Joe Biden has retreated for a lengthy vacation after a series of gaffes and verbal missteps consumed his campaign.
The former vice president’s staff announced Wednesday that the 76-year-old Biden had been vacationing since Sunday in his home state of Delaware.
Biden’s sojourn from the campaign trail is the longest since he announced his candidacy back in April. It also comes directly after a hellish week of high-profile gaffes in Iowa that reignited concerns over the former vice president’s fitness for elective office.
The trouble began innocuously enough last week, with Biden telling voters at the Iowa State Fair that “we choose truth over facts.”
“Everybody knows who Donald Trump is. Even his supporters know who he is. We got to let him know who we are. We choose unity over division,” he said towards the end of his stump speech. “We choose science over fiction. We choose truth over facts.”
Many of the those watching were confused. As Breitbart News has reported, the comment was likely the result of Biden flubbing an applause line he frequently uses on the trail: “we have to choose hope over fear, unity over division and, maybe most importantly, truth over lies.”
Even though the gaffe received media attention, it was soon outdone by bigger and more prominent verbal missteps. Later that evening, Biden confused the name of recently ousted British prime minister, Theresa May, with the late-Margaret Thatcher – who left office in 1990.
“Words that stunned the nation, and I would argue – I know – shocked the world. International leaders spoke about it,” Biden told the Asian and Latino Coalition of Des Moines, Iowa when falsely alleging Trump praised the neo-Nazis that marched on Charlottesville, Virginia in 2017 as “very fine people.”
“You had people like Margaret Thatch… excuse me,” the former vice president said catching himself. “You had people like the former chairman and the leader of the party in Germany. You had Angela Merkel stand up and say how terrible it was. International leaders looked at us like, ‘what in God’s name is happening to the United States of America?’”
The blunder, while noticeable, was not Biden’s biggest of the night. While discussing his plans to reform America’s education system, Biden stated that “poor kids are just as bright and just as talented as white kids.”
“We should challenge these students, we should challenge students in these schools to have advanced placement programs in these schools,” the former vice president said. “We have this notion that somehow if you’re poor you cannot do it. Poor kids are just as bright and just as talented as white kids.”
While the gaffes drew notice and derision from across the political spectrum, with Trump even mocking the former vice president for not “playing with a full deck,” it was a statement the 76-year-old Biden made on Saturday while discussing gun control that raised the most concerns.
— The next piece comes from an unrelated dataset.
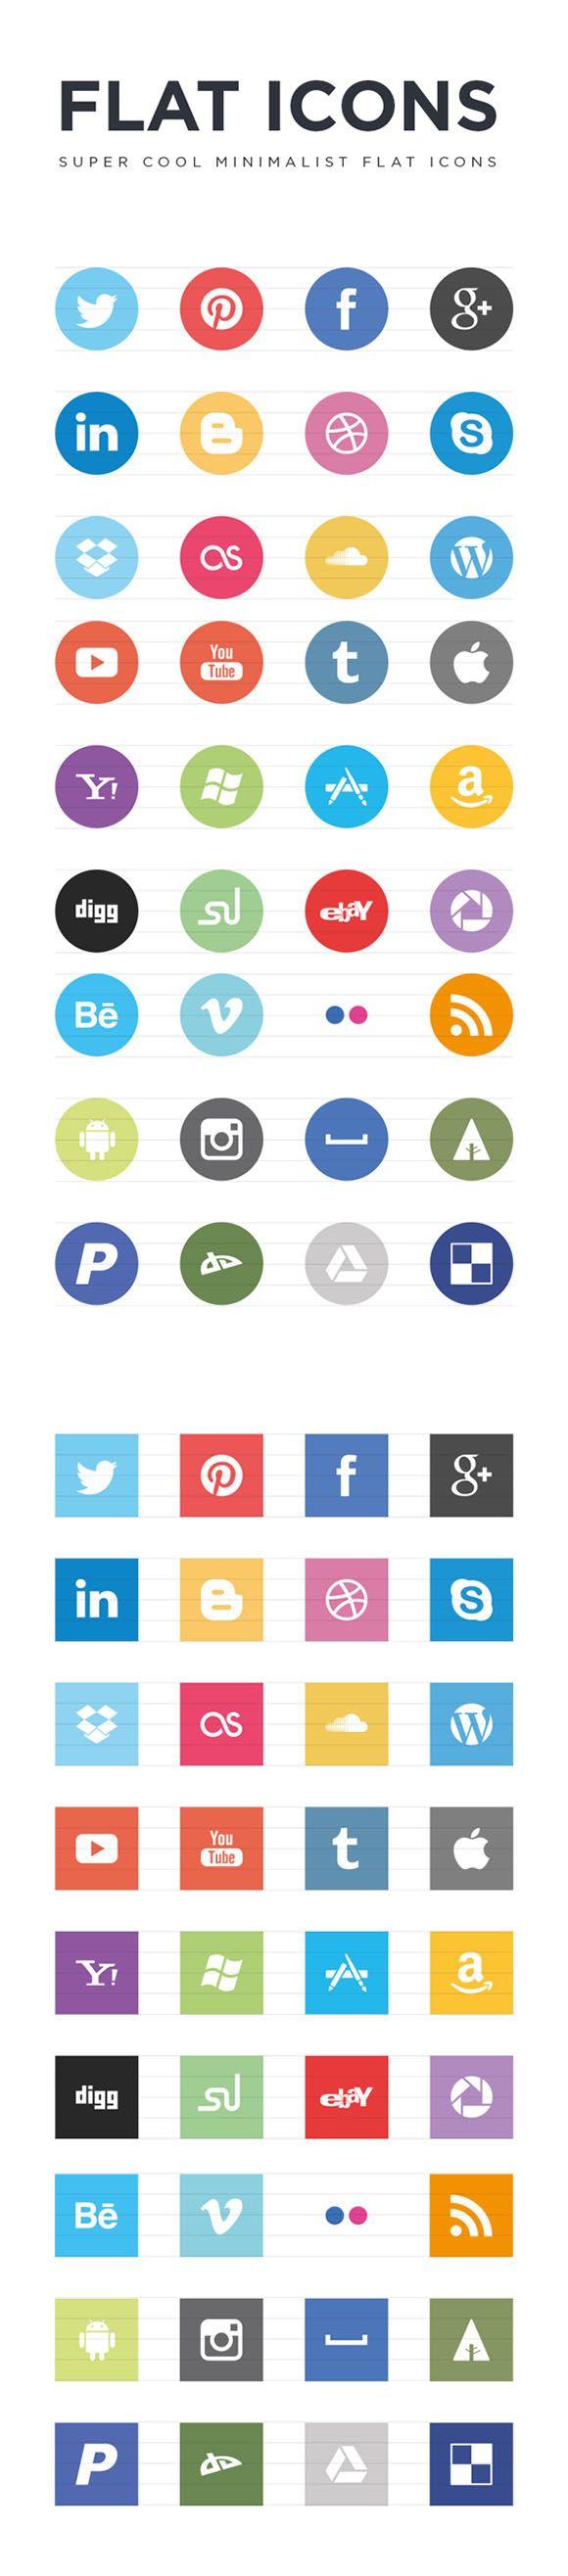 72 Icônes «Flat Design» au format .eps | http://blog.shanegraphique.com/72-flat-icons-au-format-eps/
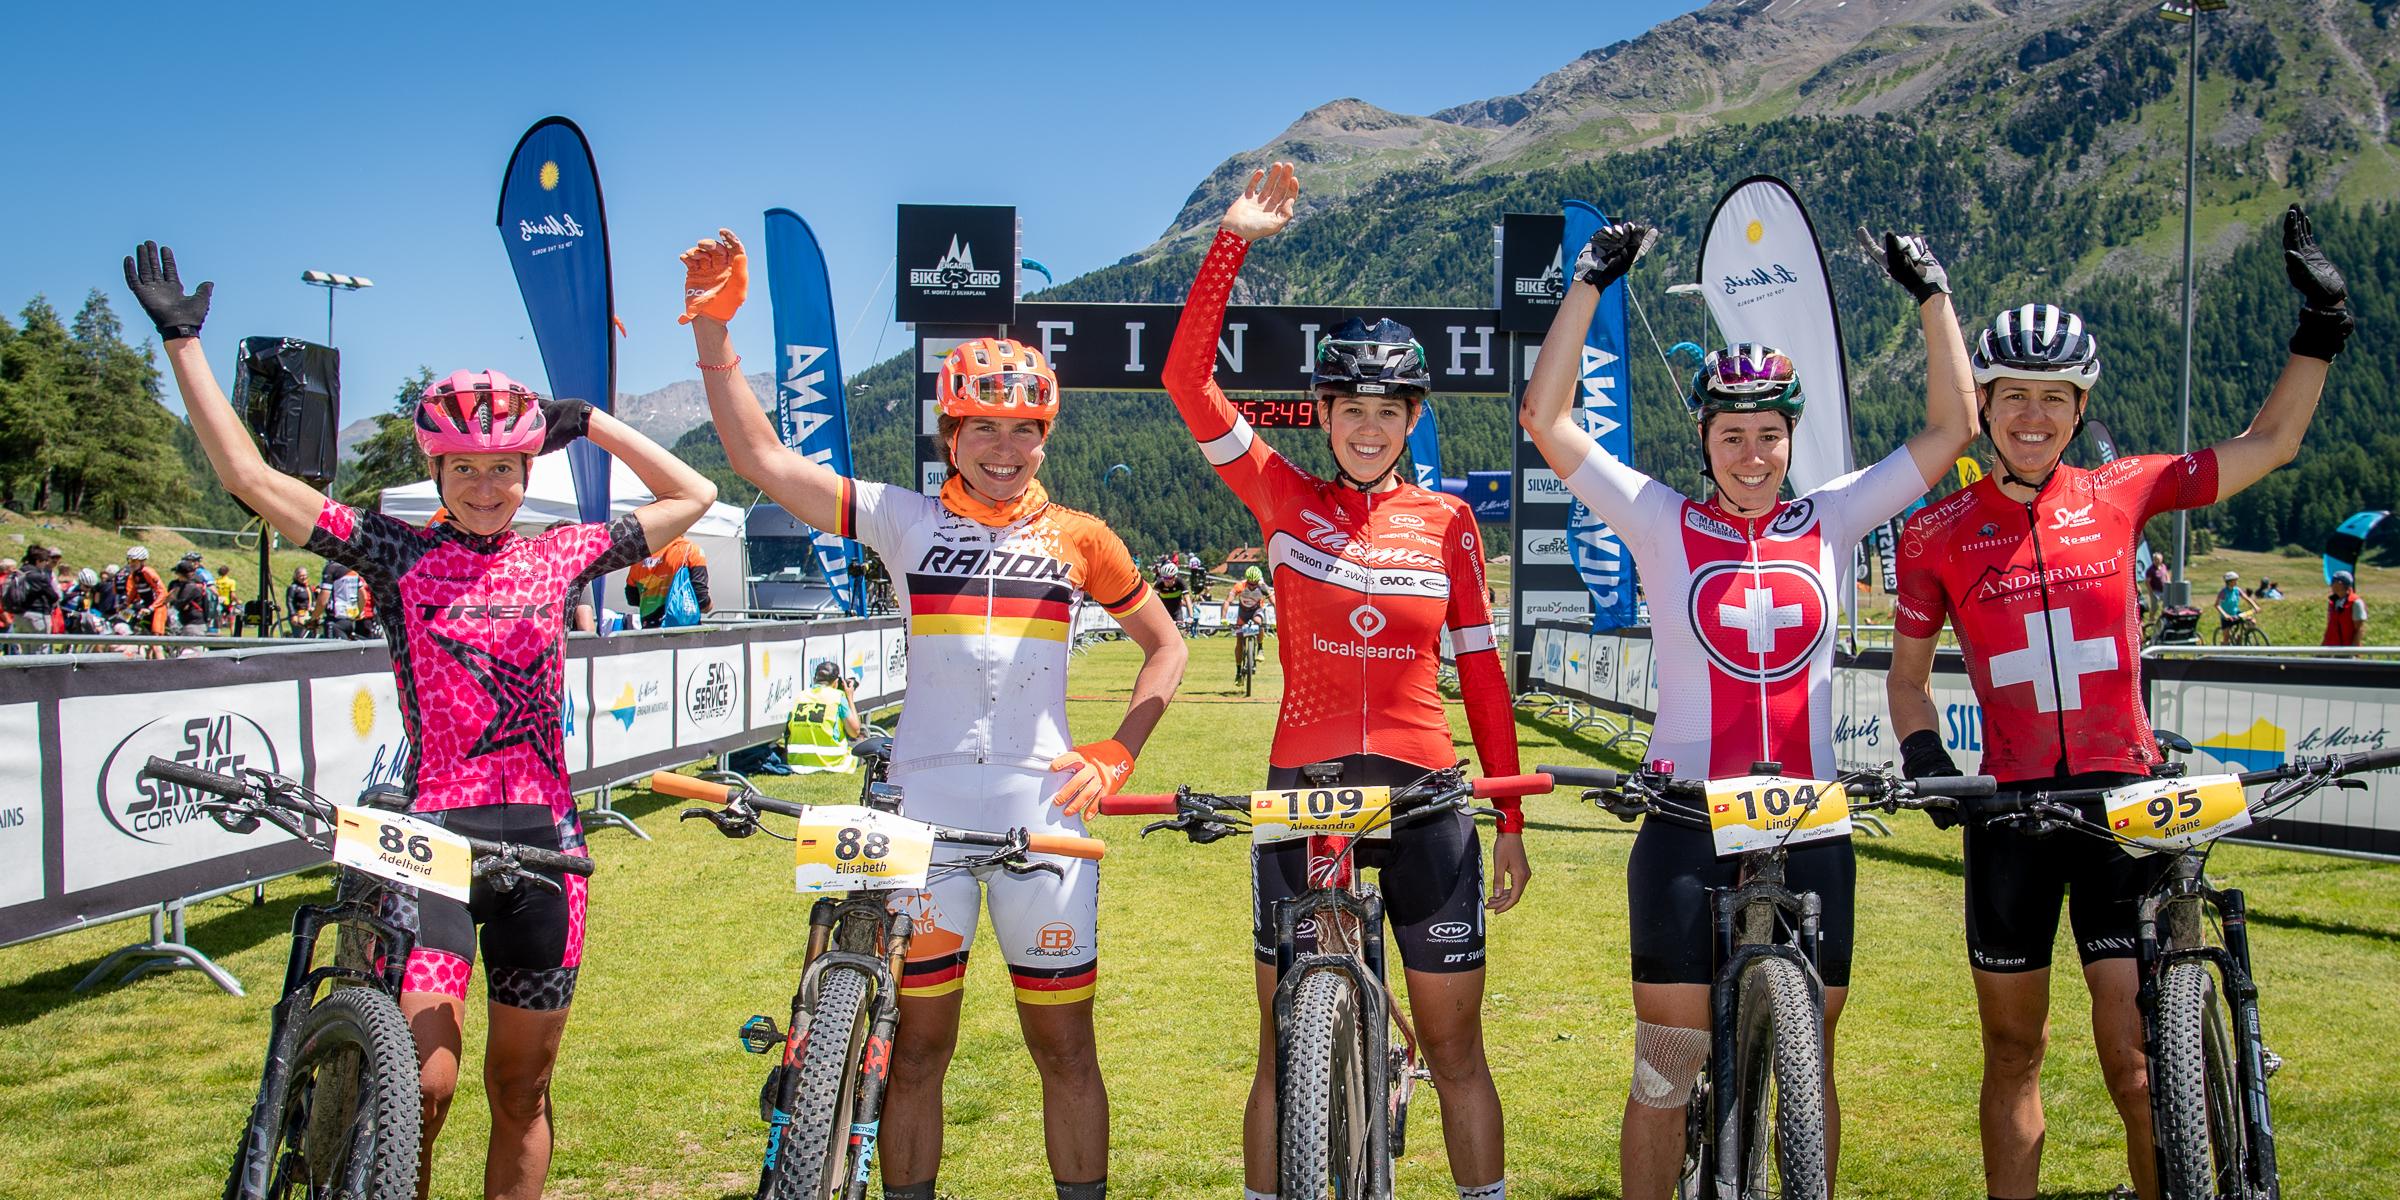 Finale am Kite-Beach: Keller und Vitzthum sichern sich Gesamtwertung des Engadin Bike Giro 2020

“Those kids in Parkland came up to see me when I was vice president,” Biden told a group of reporters, before claiming that when the survivors visited Congress, lawmakers were “basically cowering, not wanting to see them. They did not want to face it on camera.”
Many were quick to point out that the tragic shooting at Marjory Stoneman Douglas High School, which resulted in 17 fatalities and over a dozen injuries, occurred on February 14, 2018, more than a year after Biden left the White House.
After that gaffe, Biden disappeared from public view – something he similarly did in June after coming under fire for flip-flopping on abortion.
Despite the former vice president’s hasty retreat, the damage to his campaign was already done. As soon as Biden uttered the “white kids” comment, a number of prominent liberals had begun calling on his campaign to prove he was up to the rigors of running for president.
Instead of doing so, however, Biden’s campaign turned its attention on the media. In what appeared to be a coordinated attack, several top Biden staffers and their allies began accusing the press of playing up the former vice president’s gaffes in order to push their “narrative.”
“This is a press narrative, not a voter narrative,” Symone Sanders, the campaign’s spokeswoman, said on Monday during a CNN appearance.
“We cannot allow this election to devolve in a tit for tat over name-calling and ‘gaffes,’ something that does not matter,” she added.